Ianto paused, then finished shutting the door to the safe in Jack's office. "Why do you ask?"
As Ianto turned around, he could see Jack leaning idly against his desk. "She meant a lot to you, Ianto. That doesn't go away."
"Yes. It was Lisa." Ianto swallowed. "Was that all, Jack? The main archives are . . ."
"Hey." Somehow, Jack had moved to stand in front of him without Ianto knowing. "Forget the archives. This is more important." He gently tilted Ianto's chin up with one finger, and Ianto gave in and met Jack's eyes. "She was alive again, wasn't she." It wasn't a question.

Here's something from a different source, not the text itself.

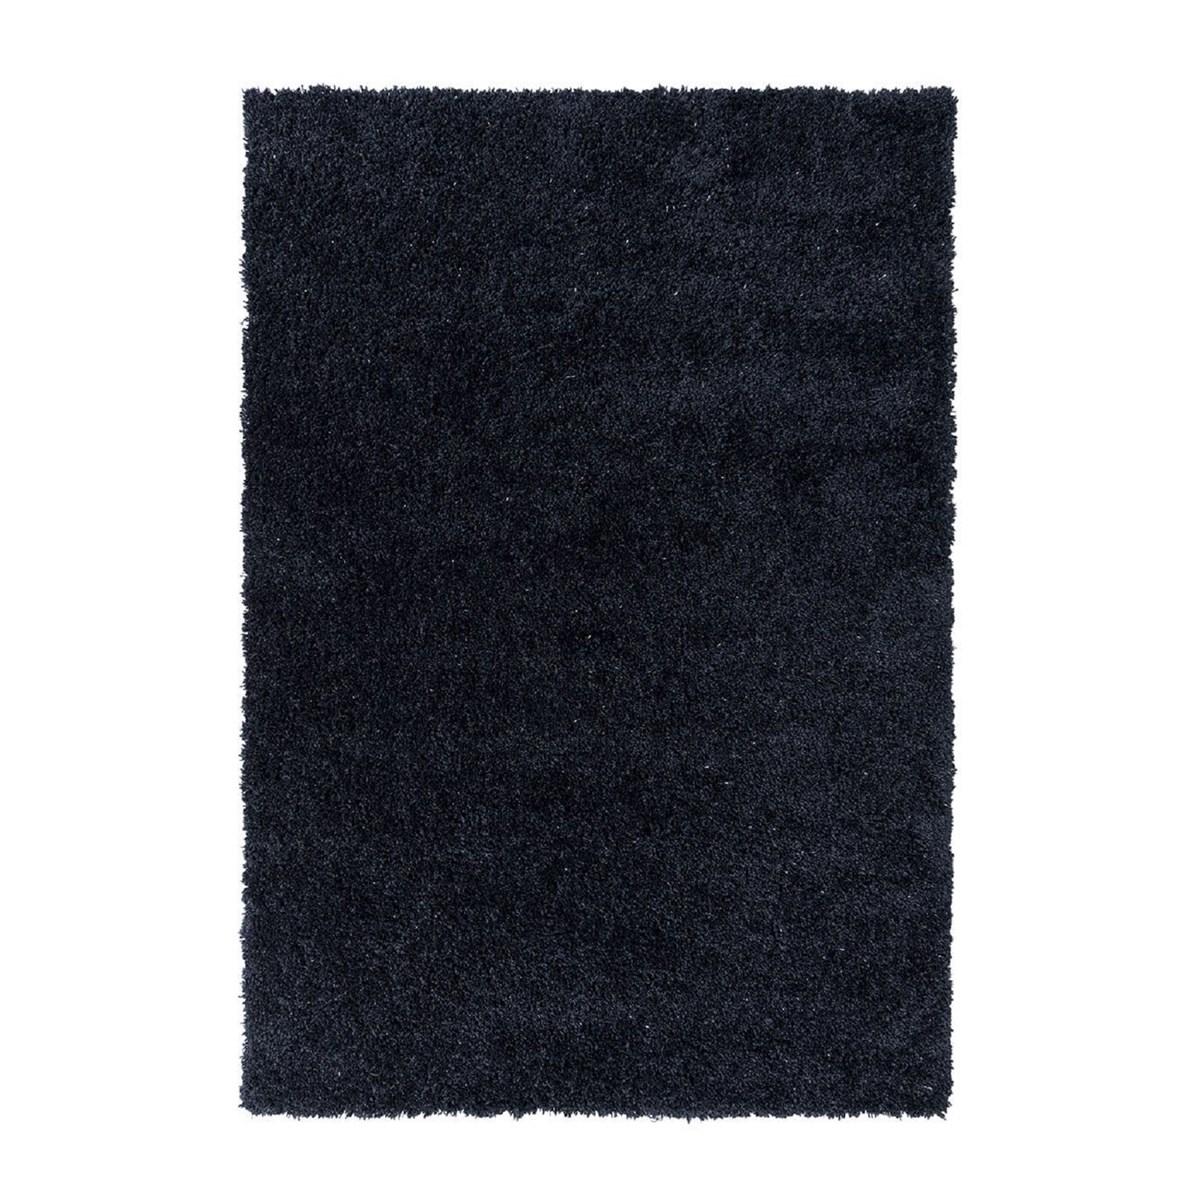 Tapis shaggy en Polyester Bleu nuit 120x170 cm
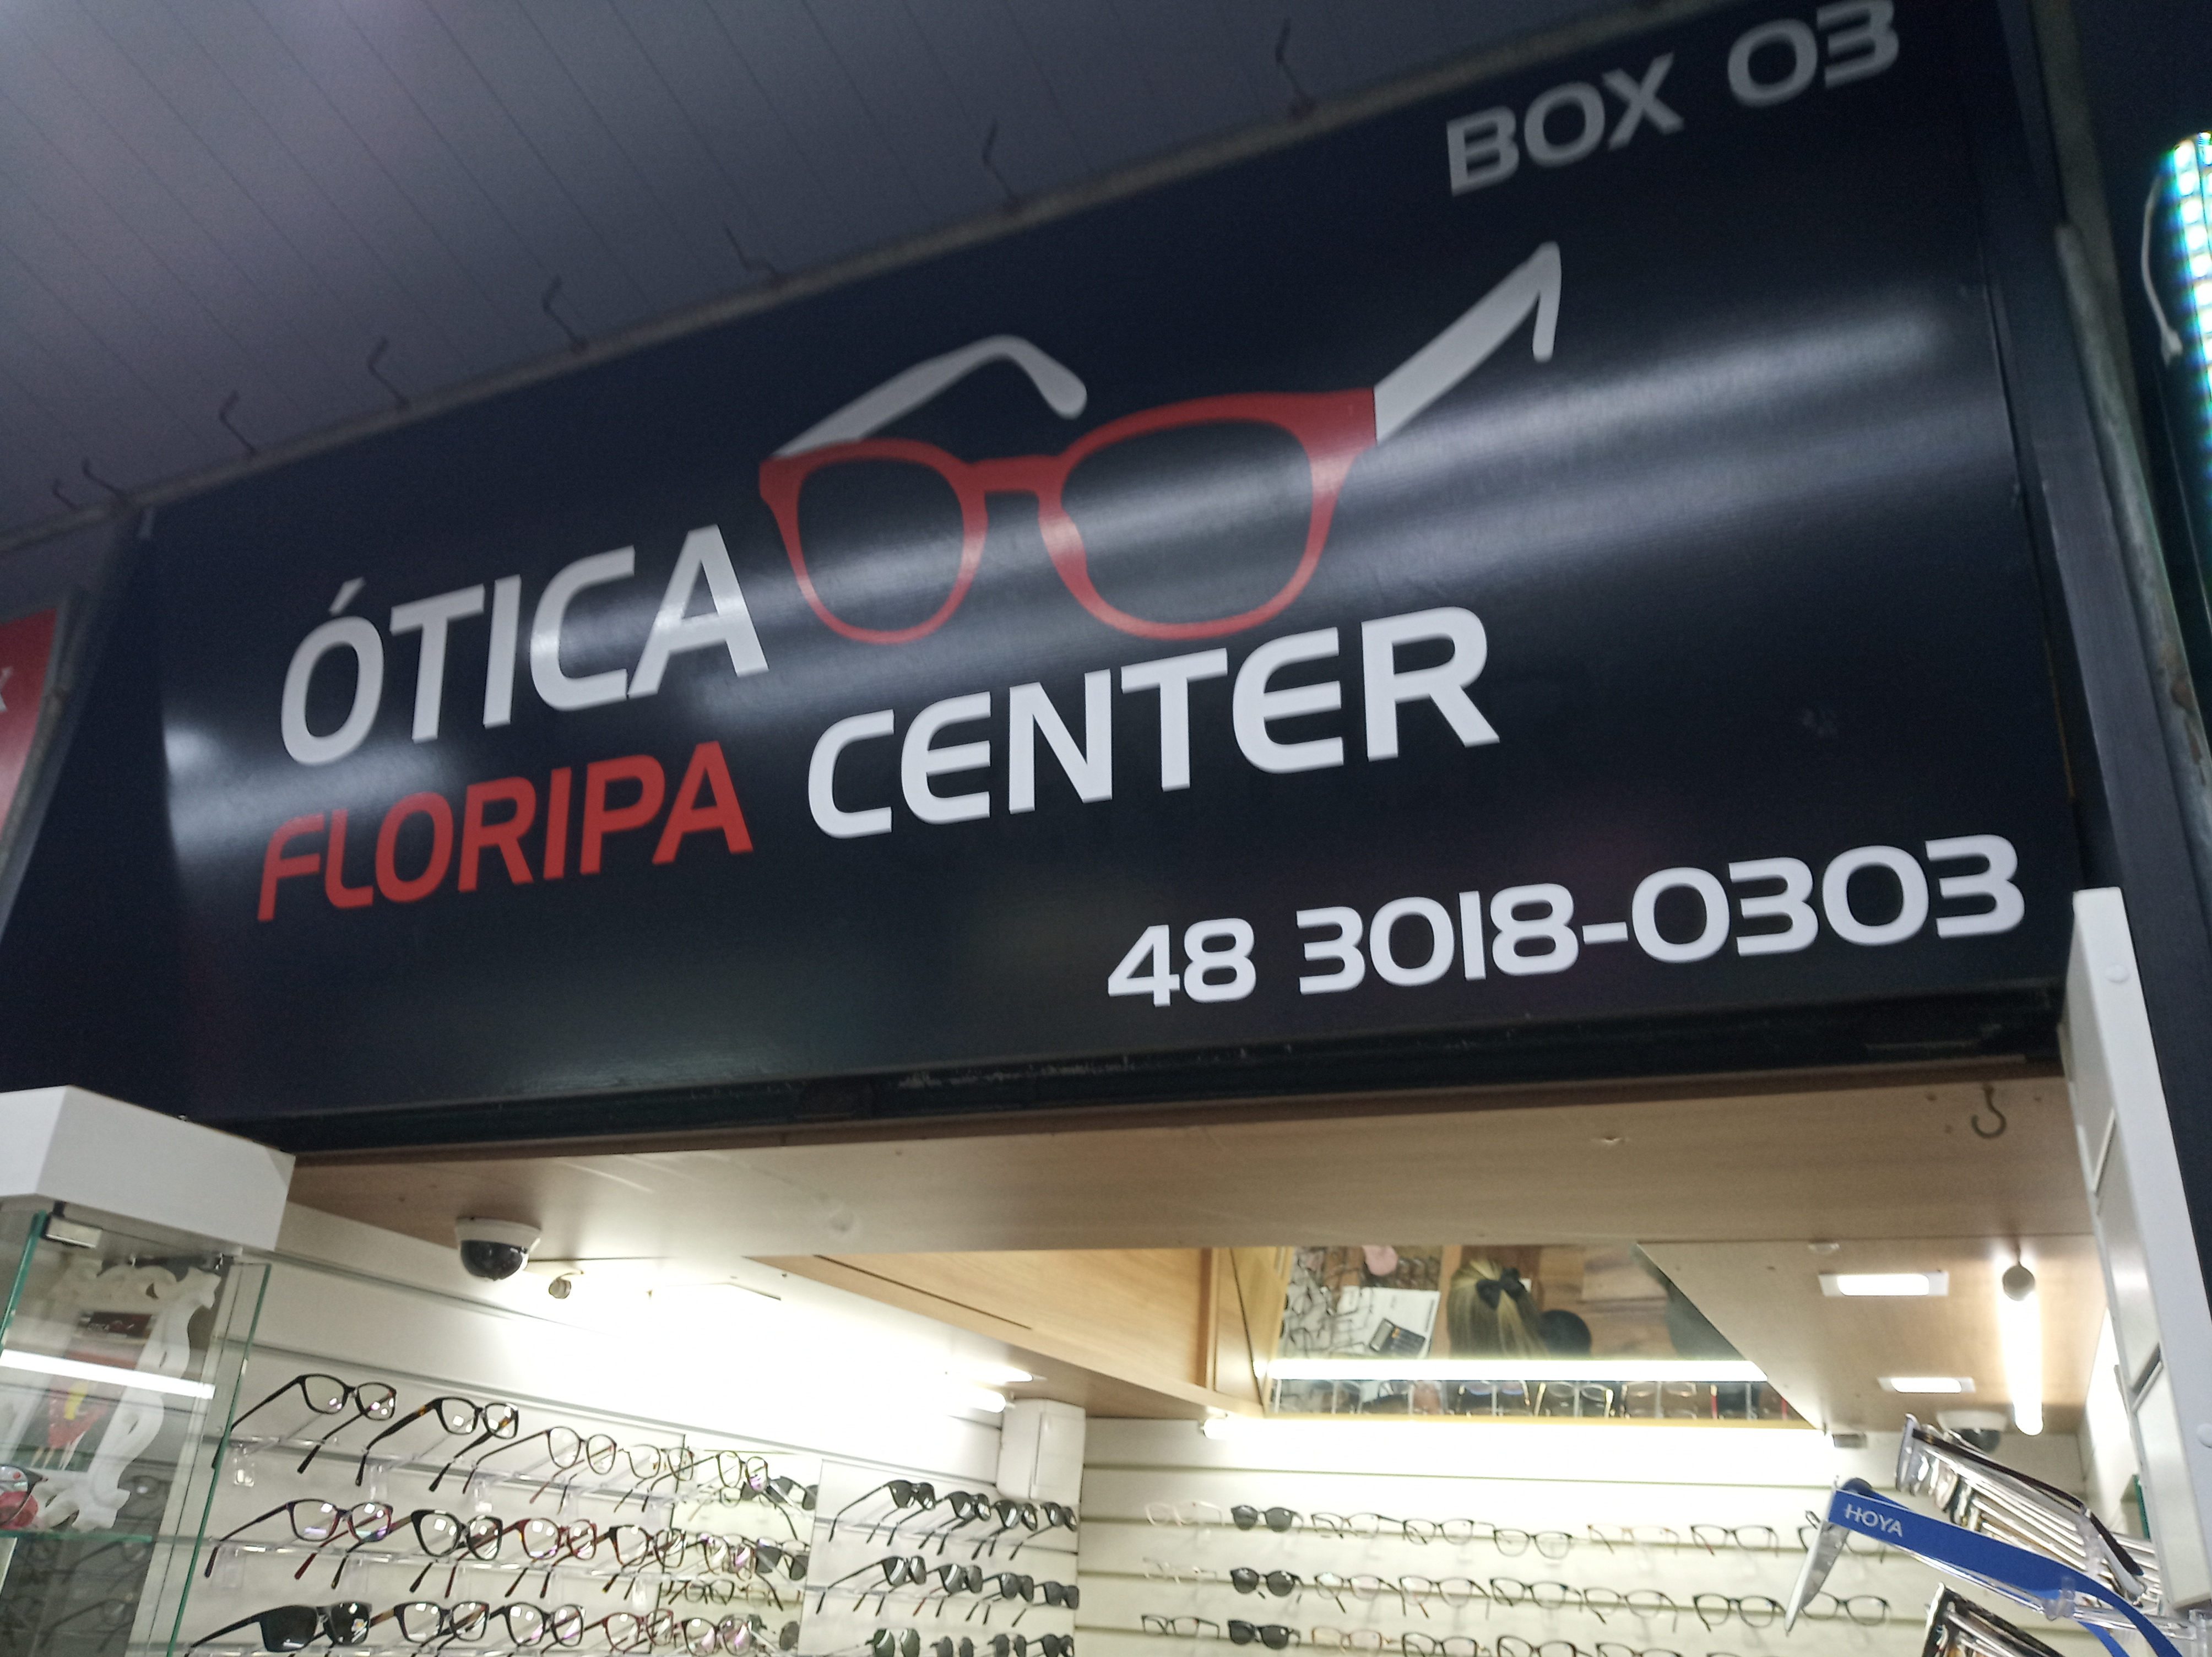 Floripa Center Otica 02

"We were married, Jack. She was alive, and we were both working for Torchwood. The Ghost Shift technology had failed. The Cybermen and the Daleks had never come through." Ianto's throat closed before he could utter the words, and we had a son.
Jack's eyes were still holding his, and looking away wasn't an option. "Those things show you a perfect future, Ianto," Jack said softly. "But those futures can't happen." He stared for a moment more, eyes flickering over Ianto's face, then dropped his hand and turned away.
"Jack." And now it was Jack turning back to him, a guarded expression on his face. "I did want that life. But if I'd had that future, I'd never have known this one." Remembering an earlier conversation in this very room, Ianto added, "And I wouldn't change it for the world."
The surprised joy in Jack's face was more than Ianto had hoped to see. The tree might have shown him an alternate possibility, but the fork in the road that would have lead to it was long past. This was the living future, and as he stepped into Jack's eager embrace, Ianto vowed that he wouldn't waste a minute of it.